The IBO additionally discovered that the burden of debt has grown. In 2025, the variety of liens offered on one- to three-family properties rose 77% from the final sale in 2021, whereas multifamily liens rose 48% and business liens rose 35%. Adjusted for inflation, common debt per lien offered doubled for multifamily properties and quadrupled for business properties in contrast with 2015.
The report additionally mentioned practically 600 one- to three-family properties with liens offered earlier than 2025 have been in energetic foreclosures proceedings as of the top of 2025, and that a minimum of 1,008 lien-sale properties had gone by way of the ultimate step of foreclosures and been offered at public public sale during the last decade, together with a minimum of 214 one- to three-family properties.
James thanked the mayor for pausing this system and auditing it, arguing that promoting liens to personal buyers typically places households on a quick observe to dropping their properties.
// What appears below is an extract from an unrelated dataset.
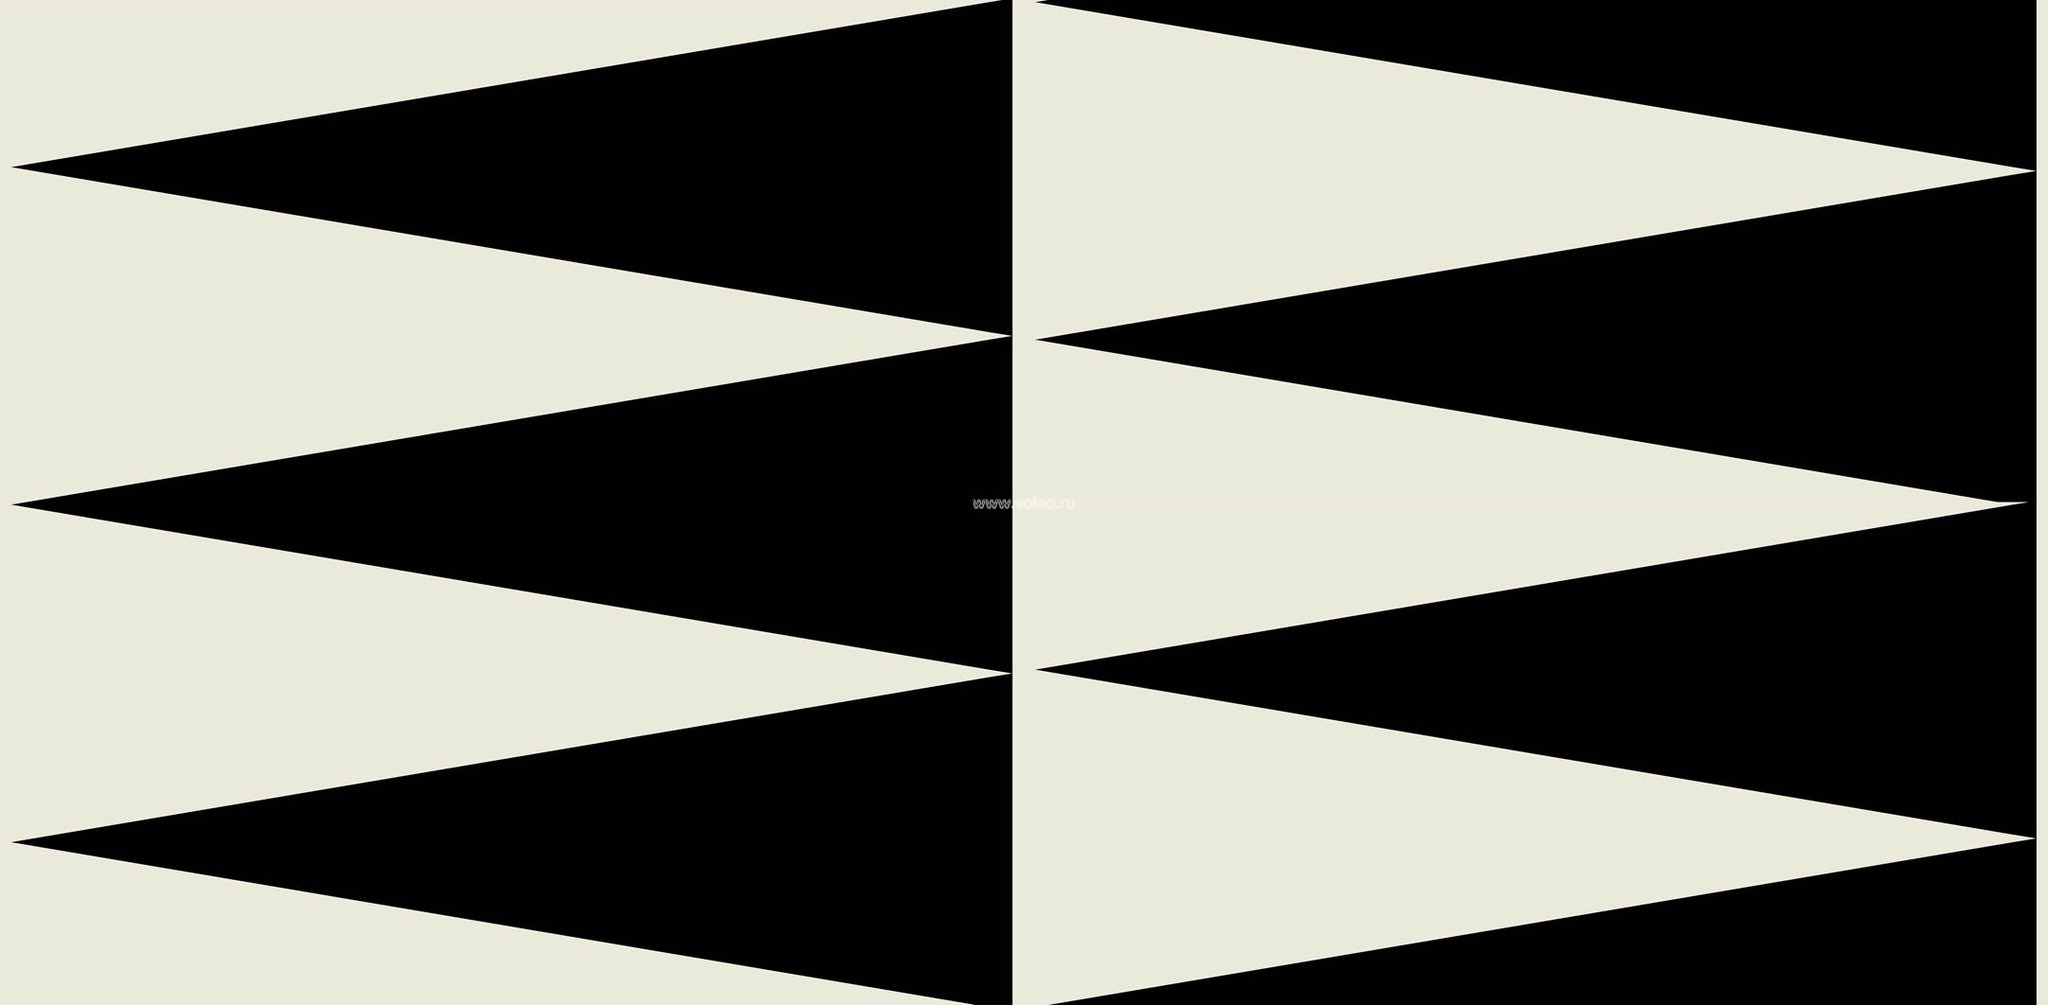 Обои Cole & Son Geometric 93/3010, интернет магазин Волео

Meeting Member Stefani Zinerman additionally praised the halt however mentioned she desires the tax lien sale abolished altogether, arguing that banks and authorities alike have to do extra to put money into communities like central Brooklyn moderately than go away owners susceptible to predatory practices.
The pause additionally lands in the midst of a wider coverage battle over what ought to substitute the town’s lien-sale system. The Metropolis Council renewed the lien sale for 2025 by way of Native Regulation 82 of 2024, lawmakers in January 2026 handed payments aimed toward changing the Tax Lien Belief with a metropolis land financial institution by 2029. Supporters say the measure would transfer the town away from the private-sector lien sale mannequin, although the main points of how the land financial institution would buy and implement liens stay undefined.
The IBO additionally diminished anticipated tax revenues by $80 million within the preliminary finances to replicate Mamdani’s choice.